Justin Anantawan /

“In my life, I have had two rebirths – at age 21 when I came out of the closet and at age 29 when I was diagnosed with HIV. 

I felt lonely hiding my sexuality for two decades.  While I saw friends in high school and university dating and having meaningful relationships, I remained single – I knew I was attracted to men but could not face being vulnerable enough to pursue a man.  Despite understanding that homosexuality was not a bad thing, I could not overcome the shame of being gay that had been implanted in me during my childhood: going to church and watching my loved ones sign a petition to oppose gay marriage in Canada, being bullied in school for being too “girly”, hearing one of my teachers proclaiming that anal sex was a sin, etc.  My silence protected me from being discovered but trapped me in a prison of self-loathing and loneliness.

Finally, after a failed attempt of a relationship with a woman in Kenya and being heart broken by a gay classmate in teachers college (who gave me my first kiss but would not leave his boyfriend) I came out of the closet.  I was falling apart and I needed my family and friends to help me – I was also tired of being alone. I was born again, as my gay authentic self, and in time, I was able to have some meaningful loving relationships with men.

Then after a two year teaching mission in Gambia, I was rebirthed into a new life again – this time as a person living with HIV.  When I found out, I was angry – I was angry at myself, angry at God, angry at the man in Gambia who had transmitted the virus to me.  For some months, I was on the brink of suicide. This was all made worse by the stigma I faced within the gay community – men would ask me if I seriously thought anyone would want to date me, would block me on Grindr when they found out my HIV status, would be afraid to get a massage from me thinking that was one way to become infected with the virus, would call themselves “clean” and make me feel dirty.   I am grateful for my counsellor John Larsson at the AIDS Committee of Toronto, who helped me learn to love myself, accept my new life with HIV, and find ways to make my life liveable (finding an doctor who specialized in HIV, learning how to travel with HIV meds, etc.). What also helped me was learning about U=U – that because I was regularly taking my HIV meds, my viral load was suppressed to undetectable levels, meaning that it was untransmissible sexually.

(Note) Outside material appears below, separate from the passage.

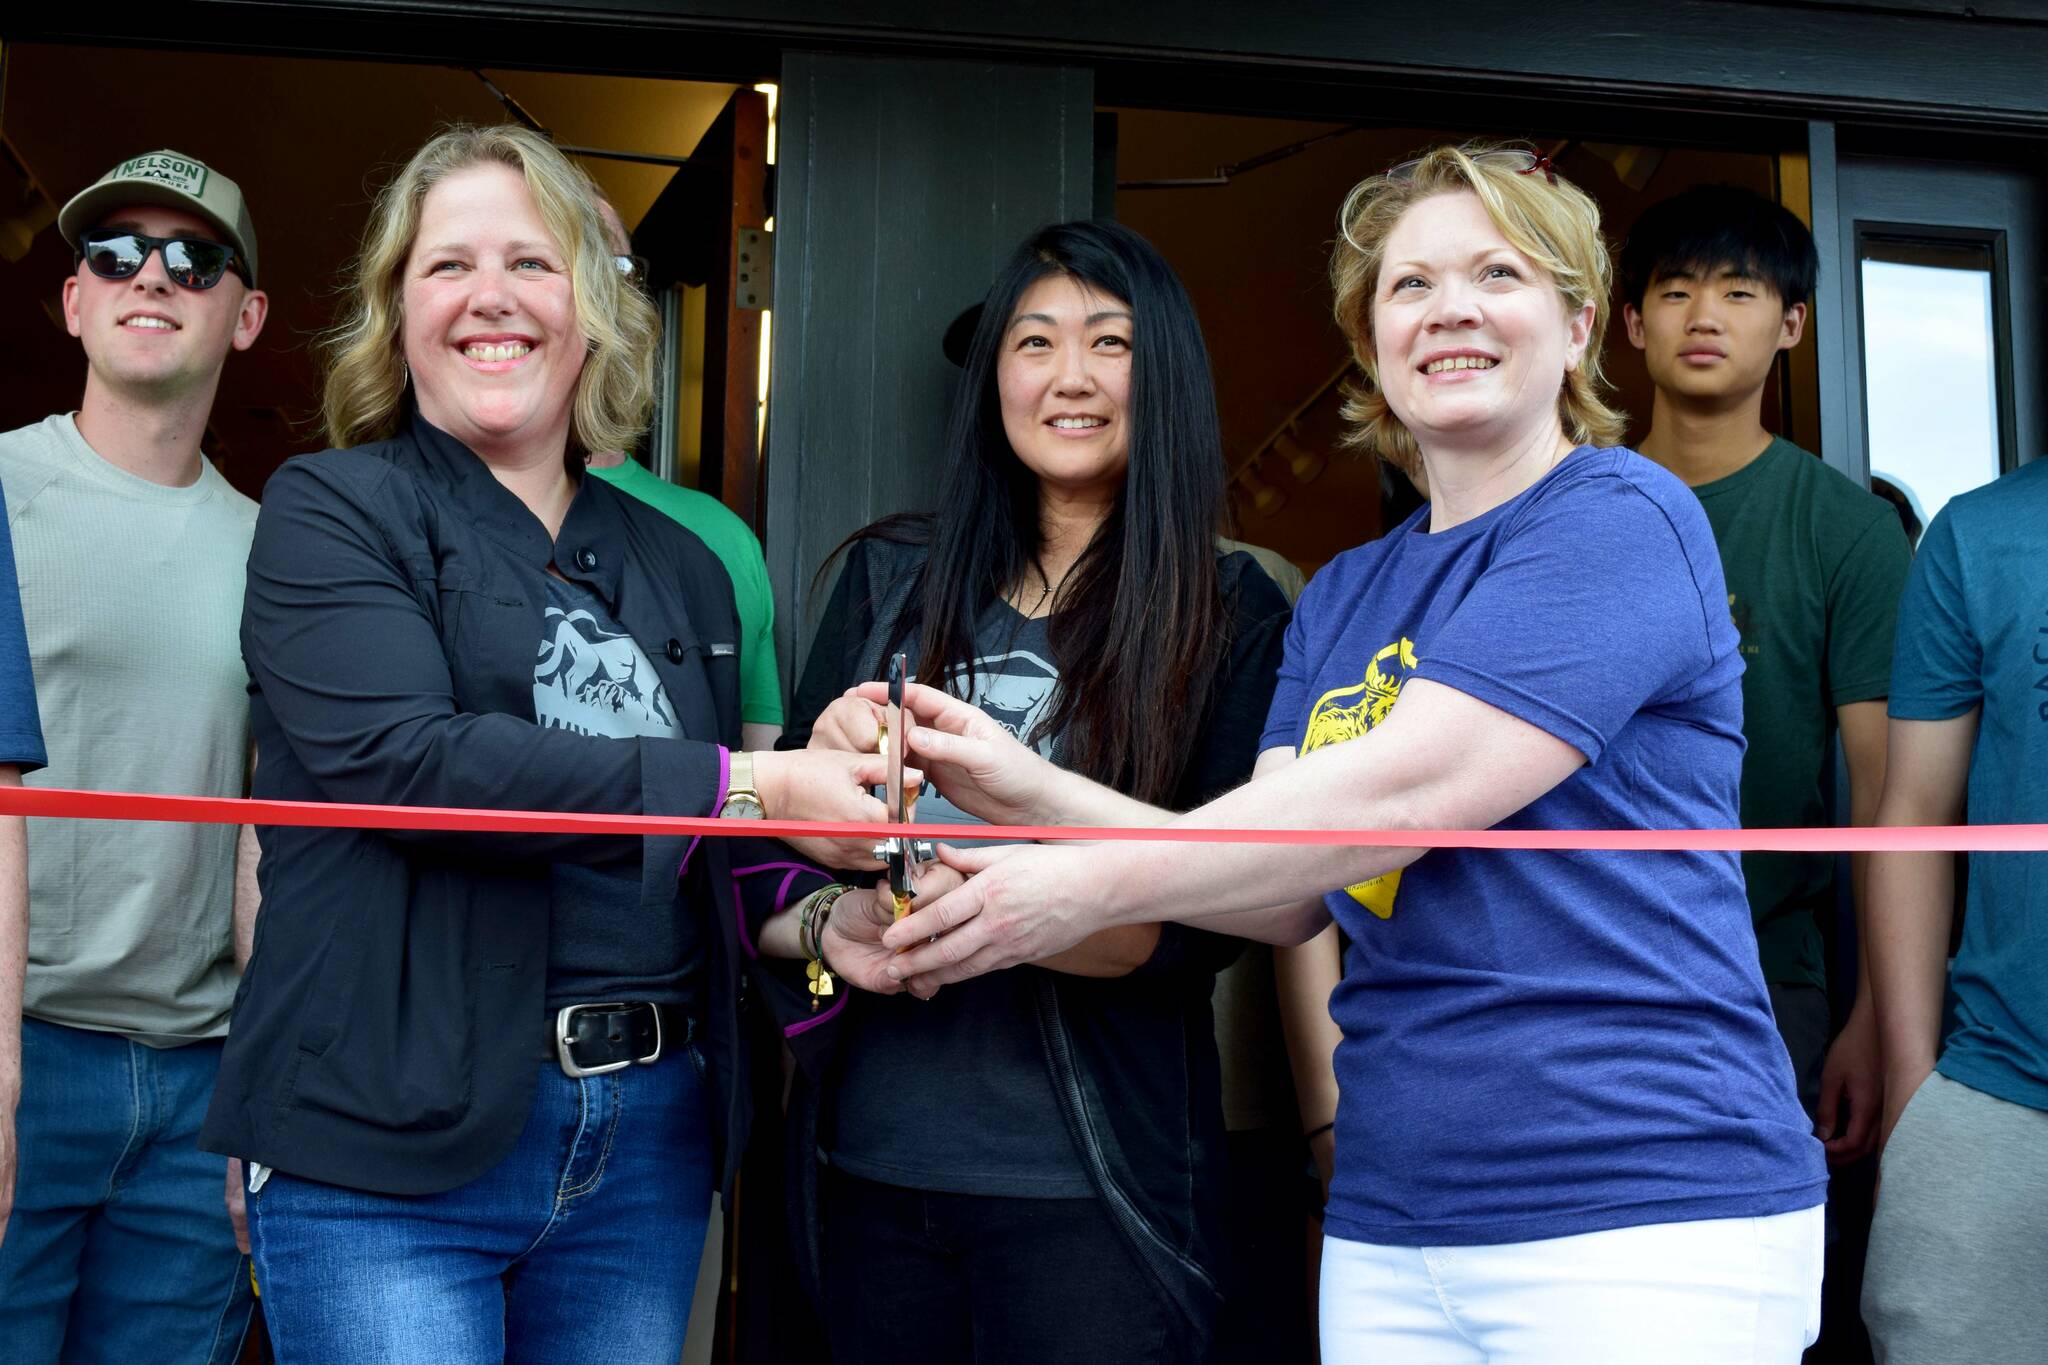 North Bend Trading Co. owners Cheri Buell, Julie Chung, Heather Dean celebrate the opening of their new business with a ribbon cutting ceremony on June 8. Photo by Conor Wilson/Valley Record.

A year after my diagnosed, I went back to Jamaica to volunteer with an LGBTQ organization.  I am not sure why, but the gay men in Jamaica were far more accepting of me as a poz person than men in Canada – not once was I rejected based on my HIV status.  My new circle of gay friends in Jamaica helped me to heal and it was in Jamaica that I finally came to terms with my diagnosis. I remember on the one year anniversary of my diagnosis going to a beach in Kingston to celebrate and thank God for one year of surviving my diagnosis. 

I eventually went back to school for social work and doing my internship at Asian Community AIDS Services helped me to develop the skills and knowledge I needed to become an HIV outreach worker and activist.  My supervisor and mentor Christian Hui, an HIV and harm reduction activist from Hong Kong, helped me to overcome the trauma from my diagnosis to become the advocate I am today. I now work in the gay community of Kenya, providing counselling to men who are poz, distributing condoms and lubes on Grindr and I will soon be taking a course to learn how to give HIV testing and counselling in Kenya.  I also use my talent of photography to tell stories of other LGBTQ folks living with HIV (like the self portrait above). I want to continue to fight to end HIV stigma, prevent more HIV infections and help folks living with HIV to live happier and healthier lives.”